▶ Work task: If anything in the data looks odd, keep it anyway and write the whole listing out unchanged.

(Records for processing)

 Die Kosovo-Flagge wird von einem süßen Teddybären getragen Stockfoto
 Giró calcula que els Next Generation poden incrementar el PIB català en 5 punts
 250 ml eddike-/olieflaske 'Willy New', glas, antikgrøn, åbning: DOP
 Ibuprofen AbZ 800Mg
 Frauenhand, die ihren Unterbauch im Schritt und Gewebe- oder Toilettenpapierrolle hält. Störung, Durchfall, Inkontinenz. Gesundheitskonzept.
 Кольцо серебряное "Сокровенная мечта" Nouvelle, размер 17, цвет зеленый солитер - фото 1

(End Records for processing)

▶ Task result:
 Die Kosovo-Flagge wird von einem süßen Teddybären getragen Stockfoto
 Giró calcula que els Next Generation poden incrementar el PIB català en 5 punts
 250 ml eddike-/olieflaske 'Willy New', glas, antikgrøn, åbning: DOP
 Ibuprofen AbZ 800Mg
 Frauenhand, die ihren Unterbauch im Schritt und Gewebe- oder Toilettenpapierrolle hält. Störung, Durchfall, Inkontinenz. Gesundheitskonzept.
 Кольцо серебряное "Сокровенная мечта" Nouvelle, размер 17, цвет зеленый солитер - фото 1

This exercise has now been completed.